Pourquoi cette quasi-unanimité autour du Fils de Saul ? Pourquoi sommes-nous sommés d'aimer, de défendre, de programmer ce film qui pourtant pose bien plus de problèmes que La Liste de Schindler de Steven Spielberg ou La Vie est belle,  la comédie de Roberto Begnini ? Pourquoi ne peut-on plus se poser la question de la représentation cinématographique de la Shoah à l'écran ? Pourquoi cette démission intellectuelle ? Parce que le film adoubé par Claude Lanzmann bénéficie de ce fait d'une caution morale indiscutable? Parce que le cinéaste est entré dans le panthéon des auteurs dès son premier film présenté en compétition à Cannes ? Parce que ce jeune cinéaste est jeune, beau et intimidant et se réclame de Robert Bresson (un comble tant son film n'a strictement rien de commun avec ce cinématographe rigoureux, ascétique et moral) ? Parce qu’une partie de ses aïeux sont morts exterminés dans les camps ?

 

Personnellement je continue à penser que la fiction cinématographique ne peut pas s’emparer de la représentation de la Shoah, et quand bien même elle le fasse, le minimum est que cela suscite le débat, la réflexion, la controverse comme l’avaient fait en leur temps, et à juste titre, La Liste de Schindler (avec la séquence de suspense inacceptable des douches ou celle de la coloration en rouge du manteau d’une petite file au milieu d’une foule en noir et blanc) ou La Vie est belle.

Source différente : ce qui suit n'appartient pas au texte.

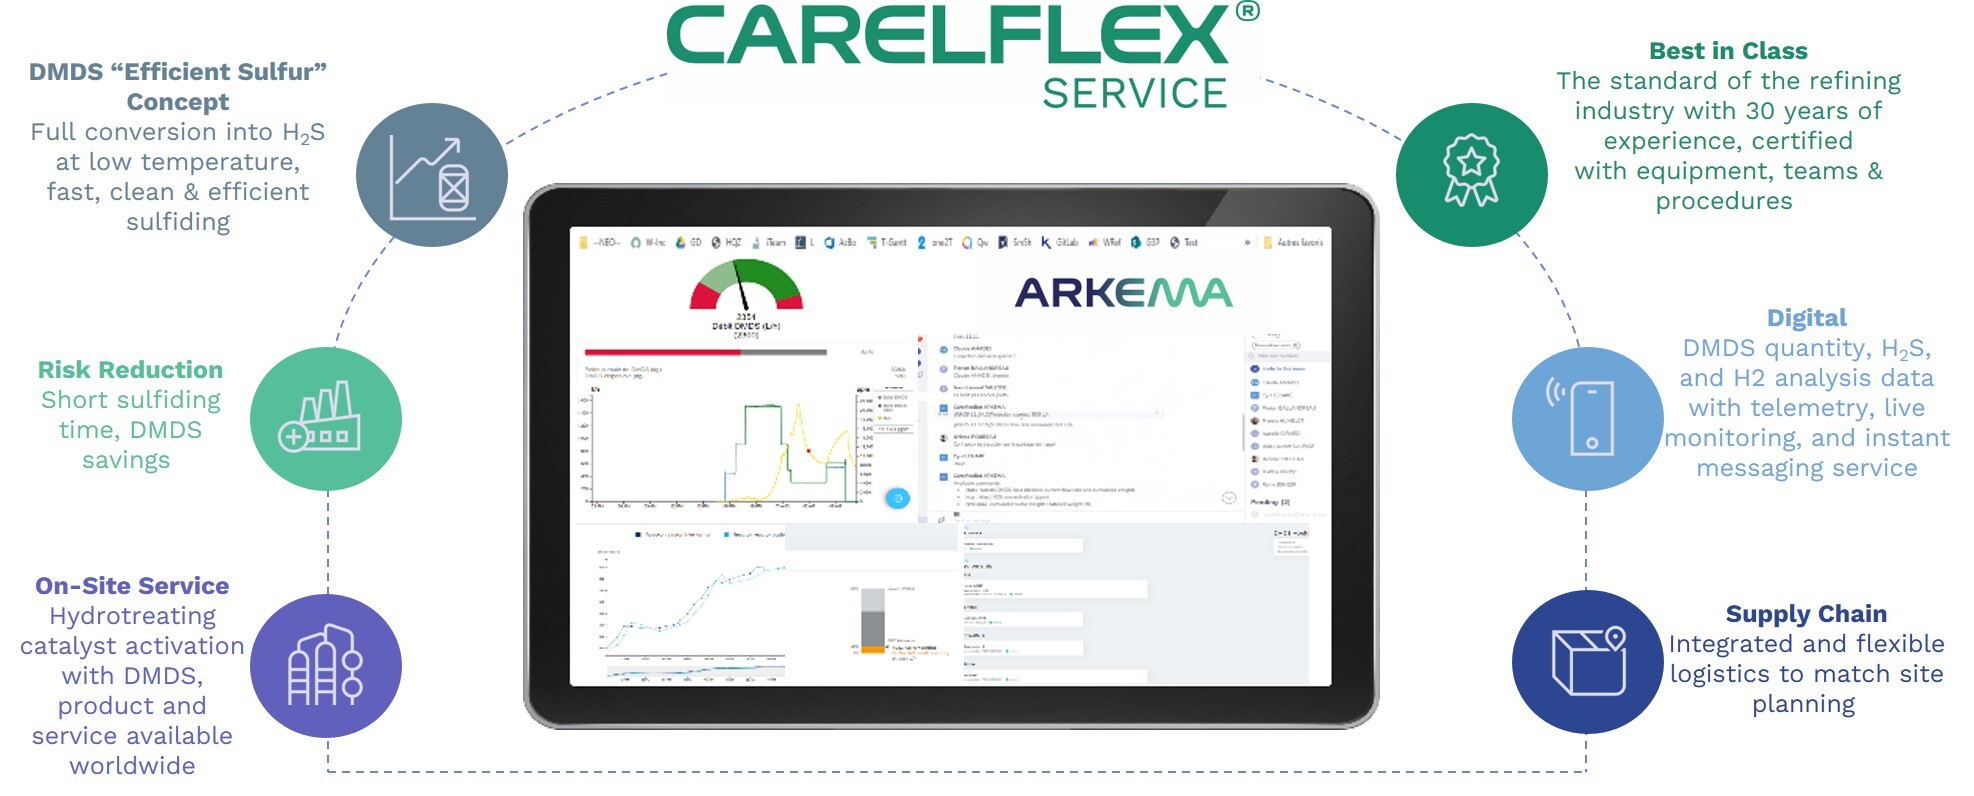 Carelflex Service scheme explaining how to use Carelflex for your Sulfiding

Plus encore, il serait important de se rappeler les remarques de Jacques Rivette concernant le film Kapo de Gilles Pontecorvo « Voyez cependant, dans Kapo, le plan où Riva se suicide en se jetant sur les barbelés électrifiés : l’homme qui décide à ce moment de faire un travelling avant pour recadrer le cadavre en contre-plongée, en prenant soin d’inscrire exactement la main levée dans un angle de son cadrage final, cet homme n’a droit qu’au plus profond mépris » (3).

 

Venons-en au film que j’ai vu, hors de la foire cannoise, au Festival du Film de La Rochelle, puis lors d’une projection de presse. Il s’agit d’une épreuve redoutable et terrifiante, comme si au fond, pendant une heure quarante-six, l’on était confronté à un très long travelling de Kapo qui resserre par une utilisation permanente, assourdissante, esthétisante du son et par sa science des images floues, sur l’horreur.

 

Le film nous plonge dans l’univers concentrationnaire d’Auschwitz où nous suivons sans arrêt, sans répit, Saul Ausländer, membre des sonderkommando, ces groupes constitués de prisonniers juifs, chargés de veiller au bon fonctionnement du camp d’extermination, des chambres à gaz. Saul aide les condamnés à l’extermination à se dévêtir, récupère leurs vêtements, leurs montres et objets précieux, nettoie les sols, déplace les corps des morts, participe à leur crémation dans les fours… Face à un médecin Nazi achevant un jeune enfant ayant survécu à l’empoisonnement au Zyklon B, Saul dit qu’il s’agit de son fils. Dès lors, il n’a qu’un seul objectif : donner à cet enfant un enterrement digne avec un rabbin récitant le Kaddish. Avec une obstination forcenée László Nemes filme au ras du personnage la quête de Saul. La caméra suit les déambulations du sonderkommando sans aucune ouverture de champ. Le hors champ est flou, obturé, clos où seuls les sons existent : cris des S.S., des déportés, aboiements des chiens, plaintes étouffés, bruits des corps trainés, entassés, crépitements des fours… Des sons vibrants, étourdissants qui donnent la mesure du cauchemar concentrationnaire. Mais malgré le flou et l’obturation du hors-champ, nous voyons tout – la saleté, les corps amassés et jetés dans les flammes, les chairs martyrisées, les murs lugubres, les couloirs blafards… - bien plus encore que si ces horreurs nous étaient totalement montrées (ce qui serait bien entendu tout aussi inacceptable). Bien que László Nemes s’en défende, il s’agit d’une forme de complaisance. Dans les entretiens qu’il a donnés, le jeune réalisateur se réclame d’un cinéma de l’épure précisant que « Le flou et le hors-champ construisent un espace mental pour le spectateur. C’est là que la vraie horreur nait » (4). C’est bien de cela qu’il s’agit : plonger le spectateur dans l’horreur d’Auschwitz comme s’il y était et qu’il ne pouvait s’en échapper, un Auschwitz virtuel.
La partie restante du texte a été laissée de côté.